HDFC Securities has highlighted JK Lakshmi Cement Ltd. as one of its top Diwali picks for Samvat 2081, recommending a buy range of ₹738-819 with a target price of ₹936. The stock is expected to see a strong rally driven by capacity expansion, operational efficiency, and favorable demand trends in key markets.

About the Company

JK Lakshmi Cement is a key player in India’s cement sector, with a formidable presence in Northern, Western, and Eastern India. It operates two fully integrated plants in Rajasthan and Chhattisgarh, alongside four strategically located grinding units. The company has a total capacity of 16.4 million tonnes per annum (MTPA) of cement and 10 MTPA of clinker. It also provides a variety of value-added products, including ready-mix concrete, gypsum plaster, and construction chemicals.
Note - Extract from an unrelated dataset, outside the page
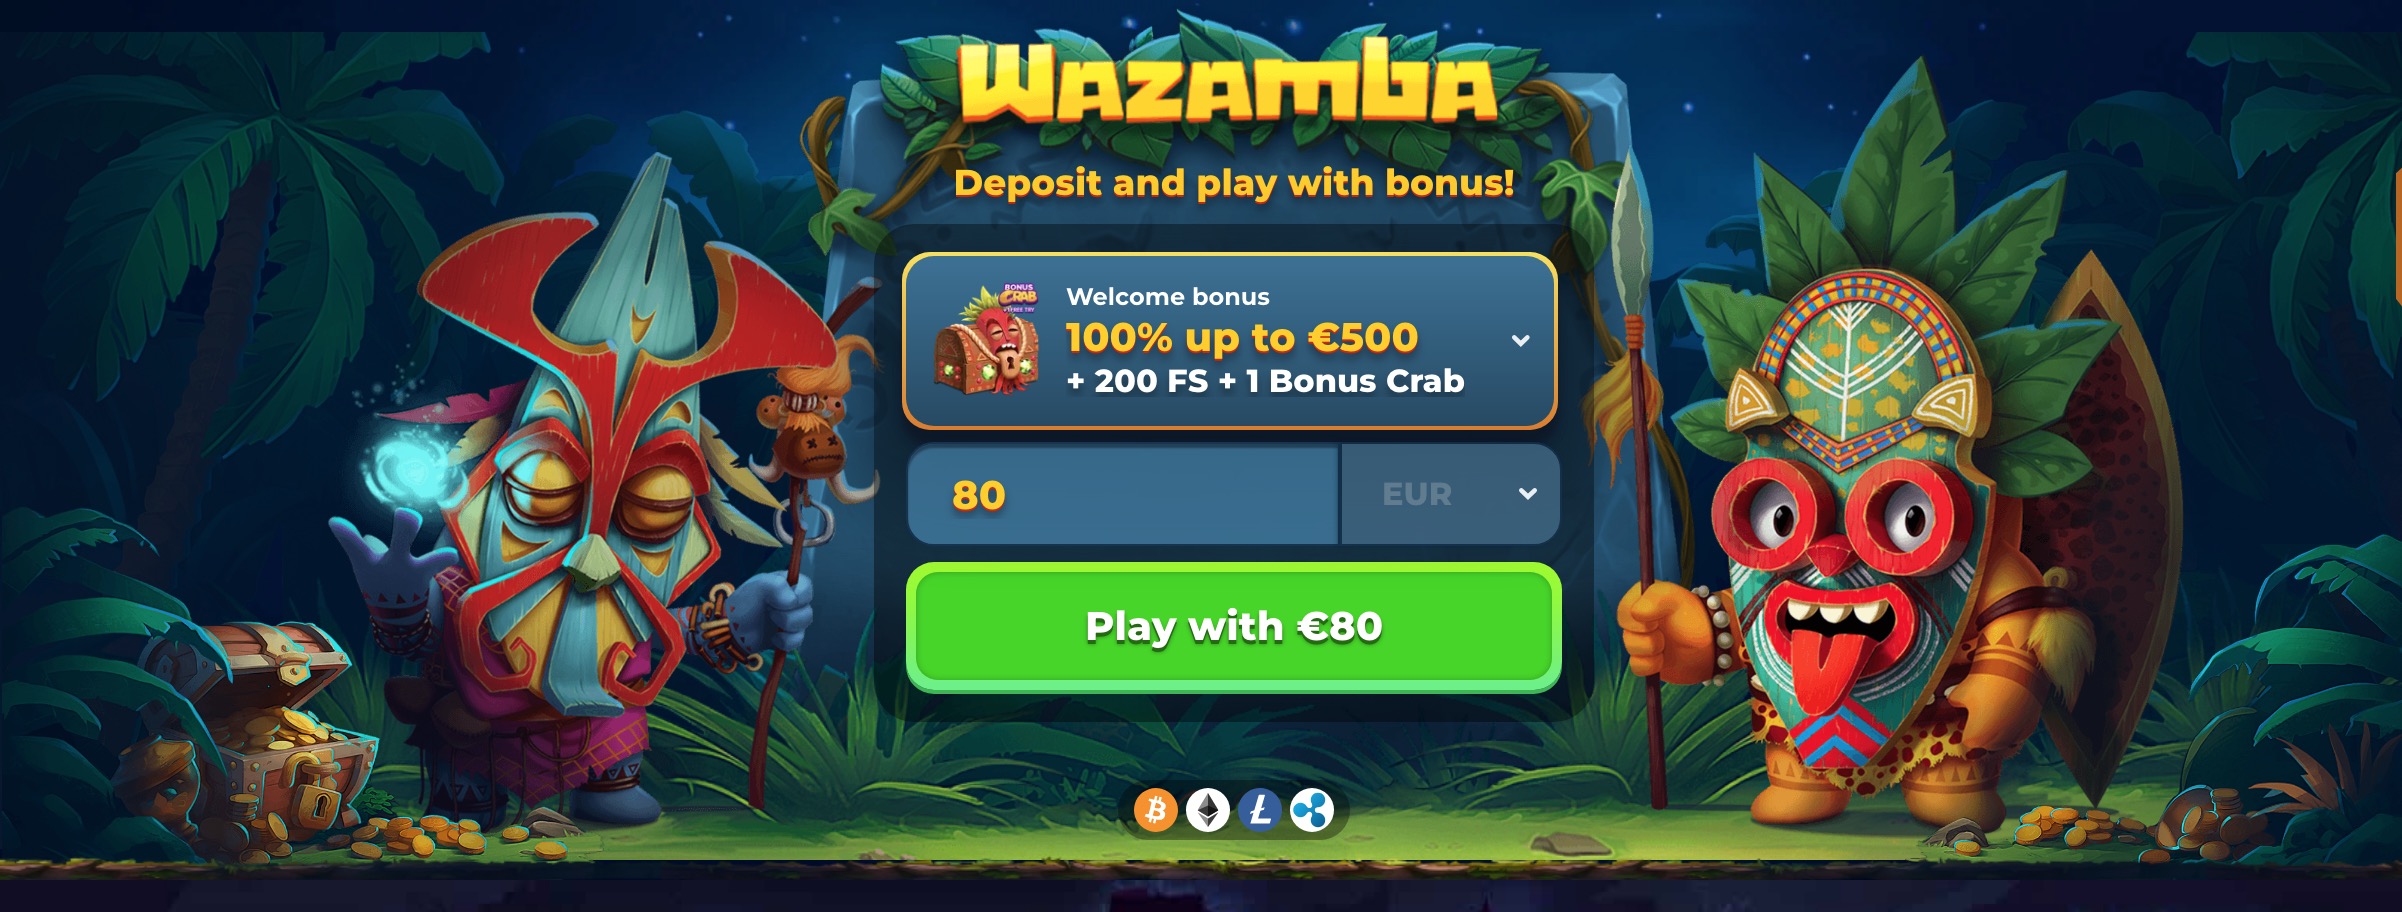 Wazamba Casino Overview

Valuation and Recommendation

JK Lakshmi Cement is poised for healthy growth, supported by capacity expansion and a pickup in demand in critical markets. The company expects its revenue, EBITDA, and PAT to grow at a CAGR of 7.6%, 15.7%, and 13.9% respectively over FY24-FY26E. HDFC Securities recommends buying the stock in the ₹738-819 range, with a target of ₹936 (18x FY26E EPS) by next Diwali.
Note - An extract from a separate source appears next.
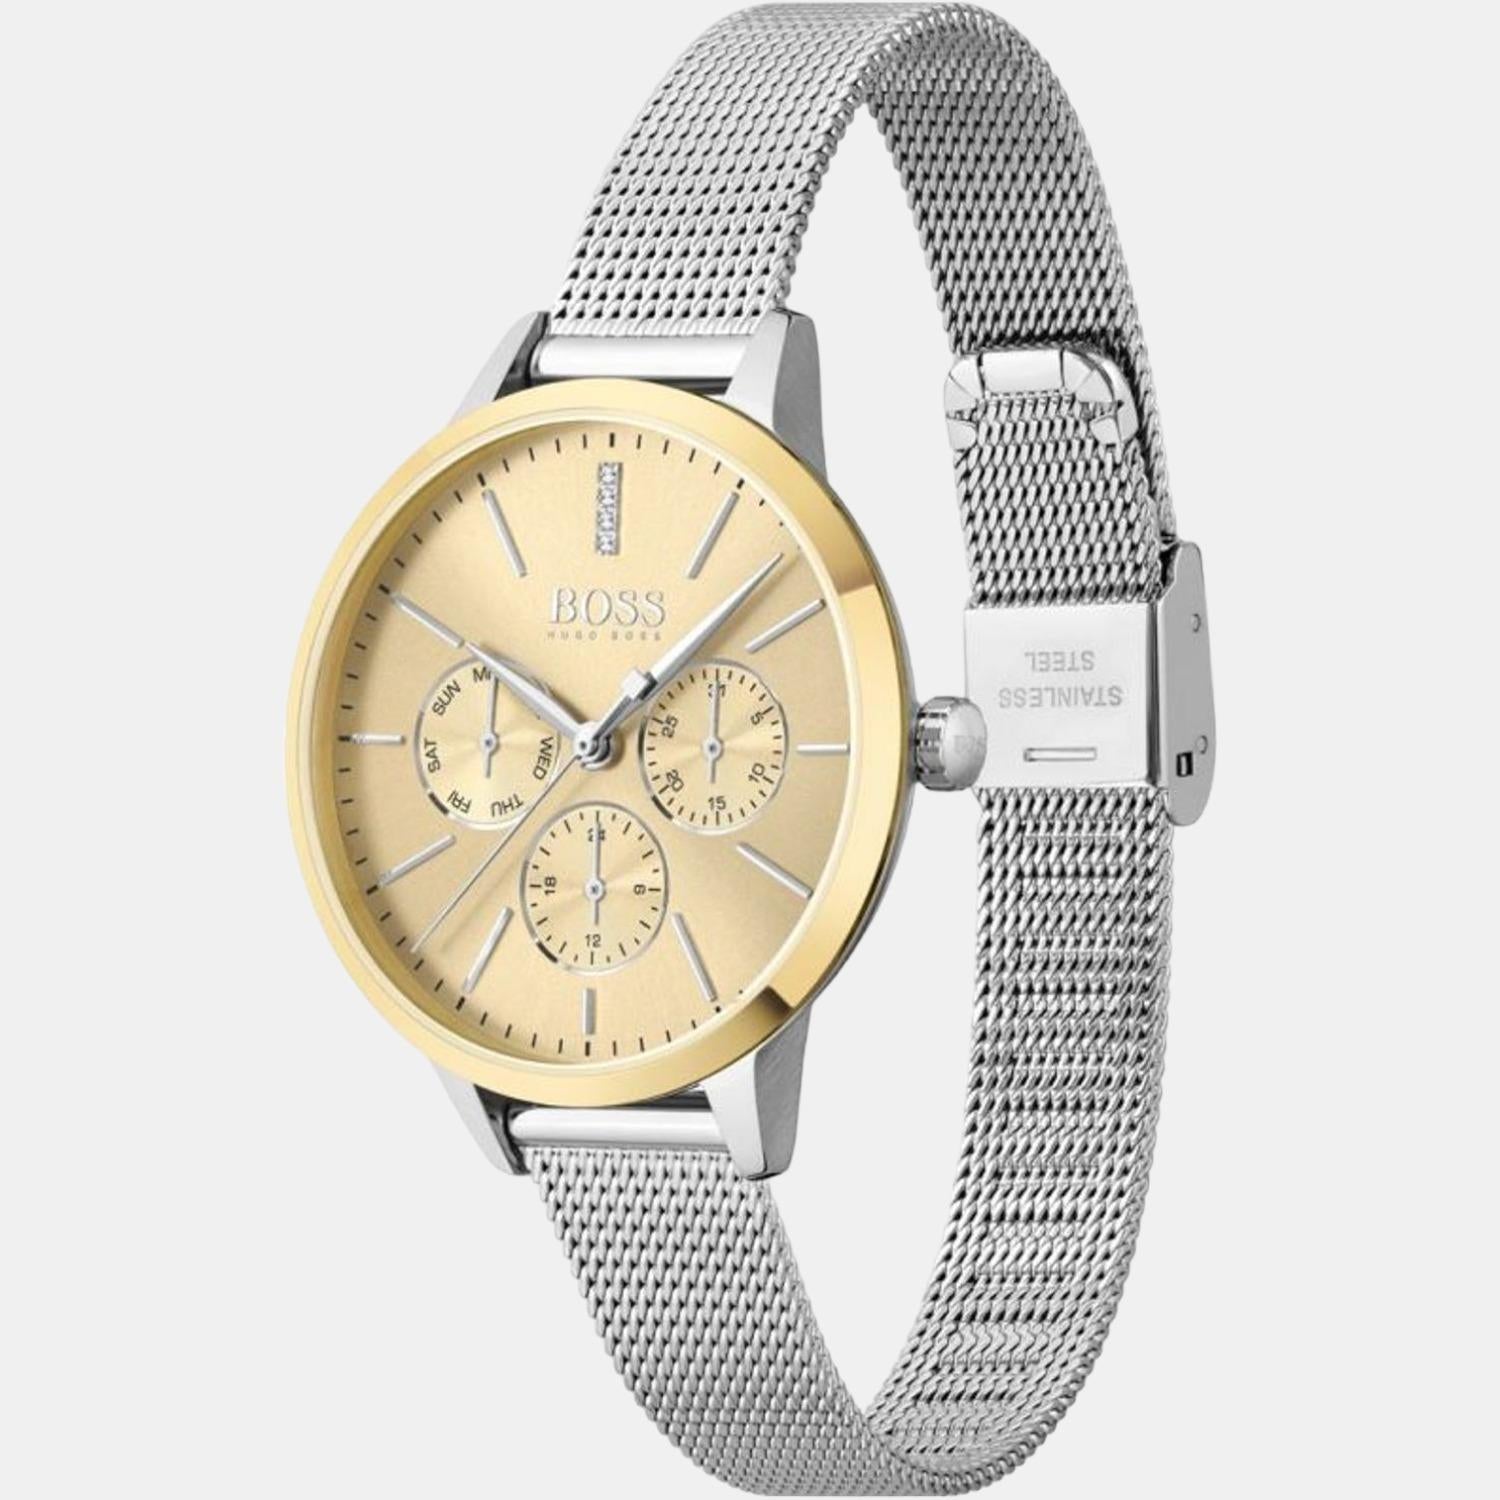 Hugo Boss BOSS Associate Chronograph Men's Watch HB1513976 - Gifts for him

Key Financials (FY22-FY26E):

  • Net Revenue: ₹5,420 crore (FY22) to ₹7,858 crore (FY26E)
  • EBITDA: ₹951 crore (FY22) to ₹1,408 crore (FY26E)
  • PAT: ₹463 crore (FY22) to ₹612 crore (FY26E)
  • EPS: ₹39.4 (FY22) to ₹52 (FY26E)
  • P/E: 20.6x (FY22) to 15.6x (FY26E)
  • Return on Equity (RoE): 18.4% (FY22) to 15.2% (FY26E)

Key Triggers

  • Capacity Expansion: JK Lakshmi Cement has recently expanded its capacity to 16.4 MTPA, with plans to reach 24 MTPA by FY27 and 33 MTPA by FY30. This growth is expected to drive significant volume growth.
  • Operational Efficiency: The company’s EBITDA per tonne improved by 21% year-on-year (YoY) in FY24, with future savings projected through increased use of green power and alternative fuels.
  • Healthy Demand Outlook: The cement industry is expected to grow at a healthy rate of 8-9%, driven by government infrastructure projects and rural housing initiatives under PM Awas Yojana.
  • Consolidation to Improve Margins: The company expects consolidation within the cement sector to benefit players by improving pricing power, economies of scale, and supply chain efficiency.

Key Concerns

  • Soft Cement Prices: Cement prices have remained under pressure, which may affect margins if the current price hike trend doesn’t continue.
  • Capacity Expansion Delays: Any delays in achieving its targeted 30 MTPA capacity by FY30 could impact market share and profitability.

Disclaimer: Investments in the stock market are subject to market risks. The views and recommendations provided in this article are based on analysis from HDFC Securities and do not constitute investment advice. Investors are advised to perform their own research and consult with financial advisors before making any investment decisions. Past performance is not indicative of future results, and the author and publication are not responsible for any losses incurred based on this information. Please read all scheme-related documents carefully before investing.